When I removed users who have rated fewer than 175 books, I had to create a new user index and a new book index so that I can place the ratings for each user and book into a matrix. 

In [11]:
# Create a user-item matrix
data_matrix = np.zeros((n_users, n_items))

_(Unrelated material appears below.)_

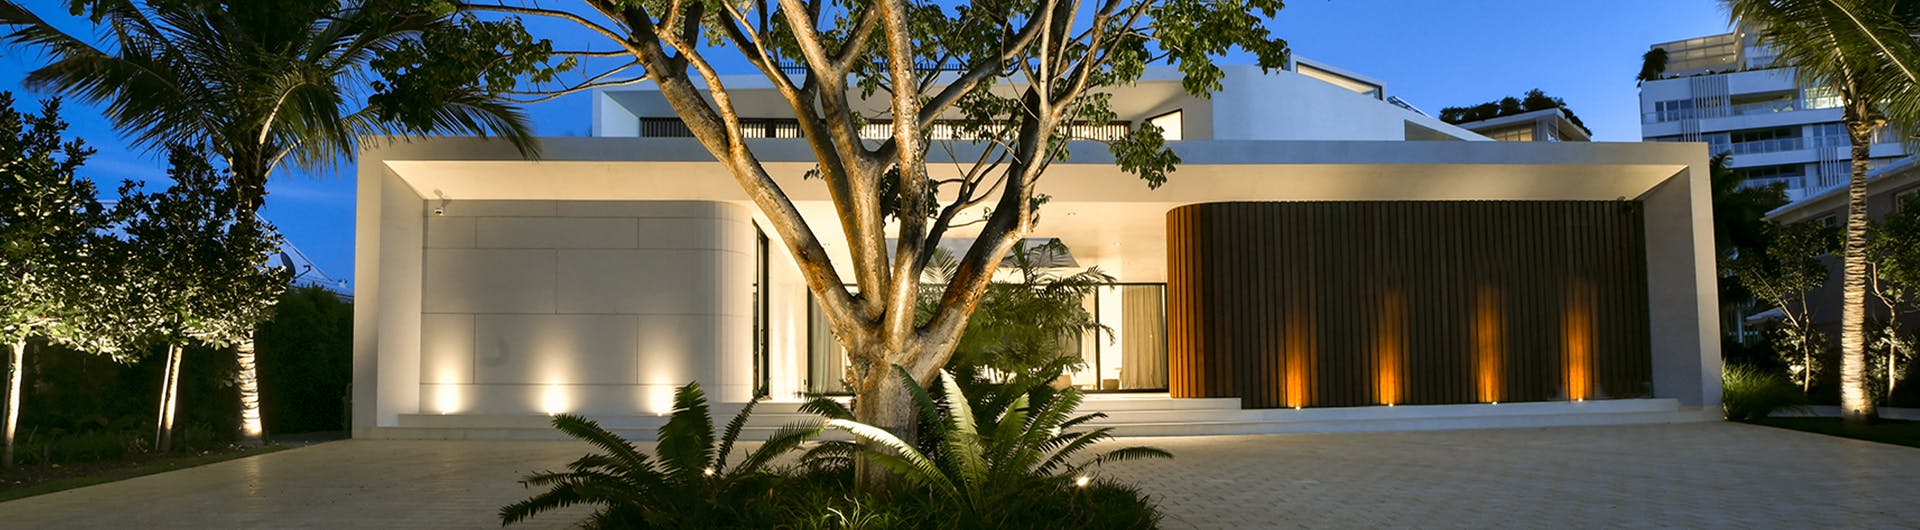 exterior of modern house with landscape accent lights shining on house and uplighting landscaping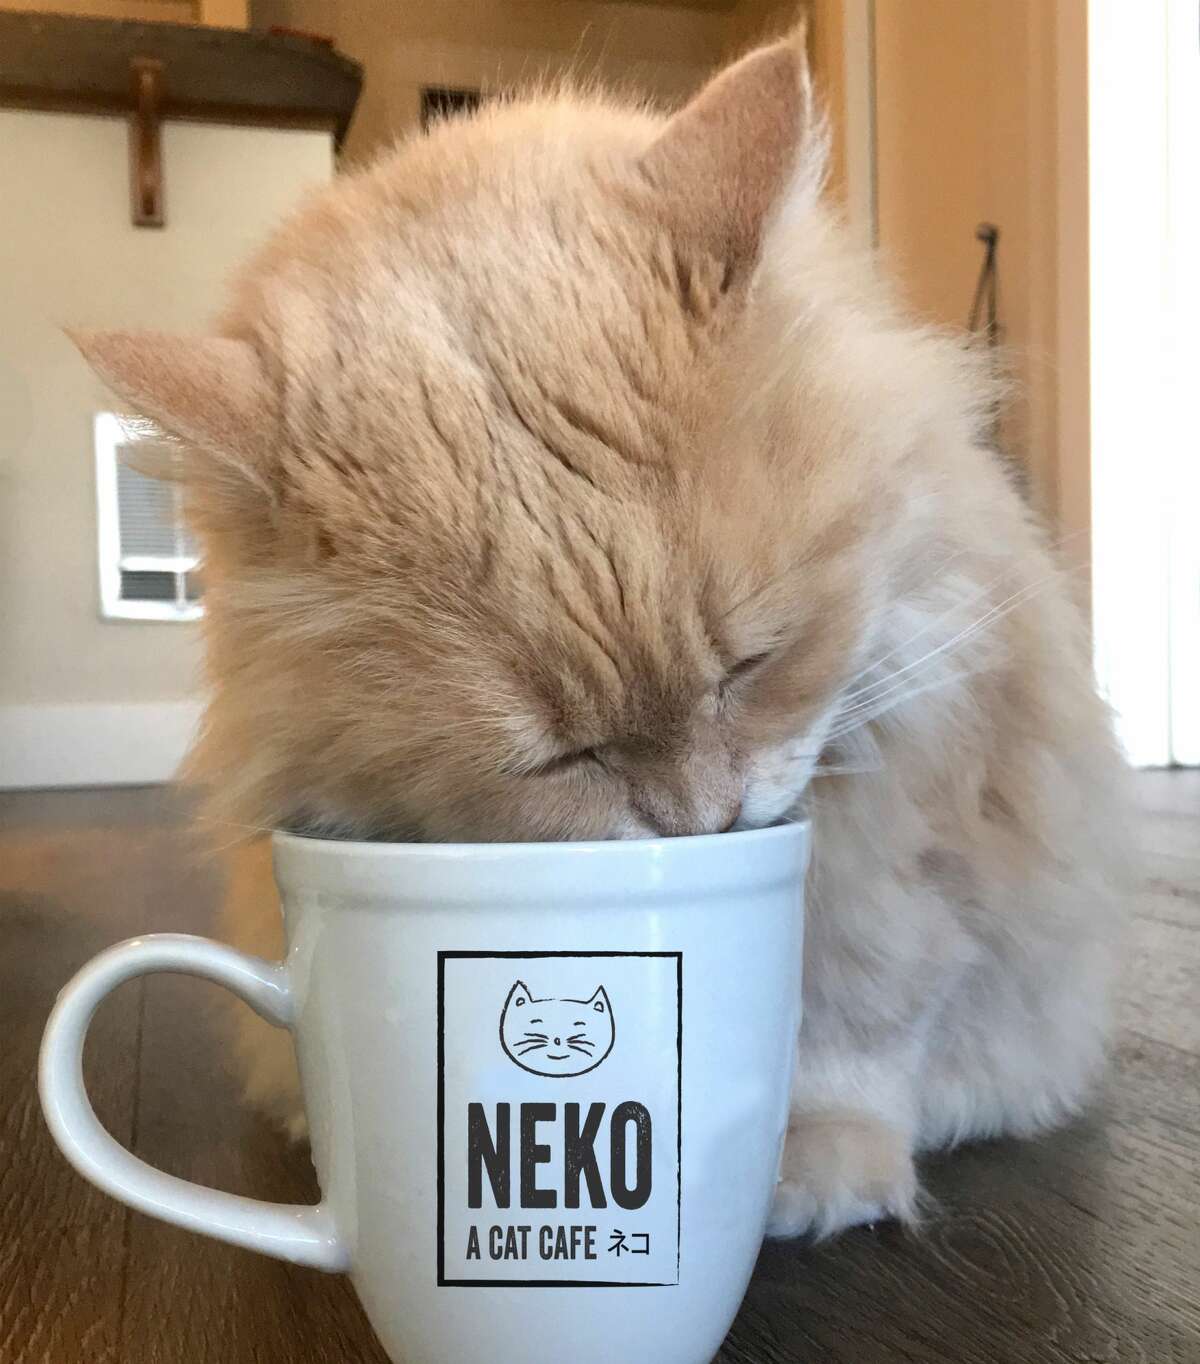 Neko Cafe will open for business this summer in a 1,022 square foot space on Pine Street. 

for line in ratings.itertuples(): 
    data_matrix[line[7]-1, line[8]-1] = line[3]

In [12]:
# Calculate the similarity using pairwise_distance
user_similarity = pairwise_distances(data_matrix, metric='cosine')
item_similarity = pairwise_distances(data_matrix.T, metric='cosine')

In [13]:
# Define a function to make predictions
def predict(ratings, similarity, type='user'):
    if type == 'user':
        mean_user_rating = ratings.mean(axis=1)
        #We use np.newaxis so that mean_user_rating has same format as ratings
        ratings_diff = (ratings - mean_user_rating[:, np.newaxis])
        pred = mean_user_rating[:, np.newaxis] + similarity.dot(ratings_diff) / np.array([np.abs(similarity).sum(axis=1)]).T
    elif type == 'item':
        pred = ratings.dot(similarity) / np.array([np.abs(similarity).sum(axis=1)])
    return pred

In [14]:
# Make Predictions
user_prediction = predict(data_matrix, user_similarity, type='user')
item_prediction = predict(data_matrix, item_similarity, type='item')

## Next Steps

Now that I have created two different models, my next steps will be to assess my second model's performance using the root means square error (RMSE). I will also be building a Singular Value Decomposition model in order to hopefully create the strongest model possible.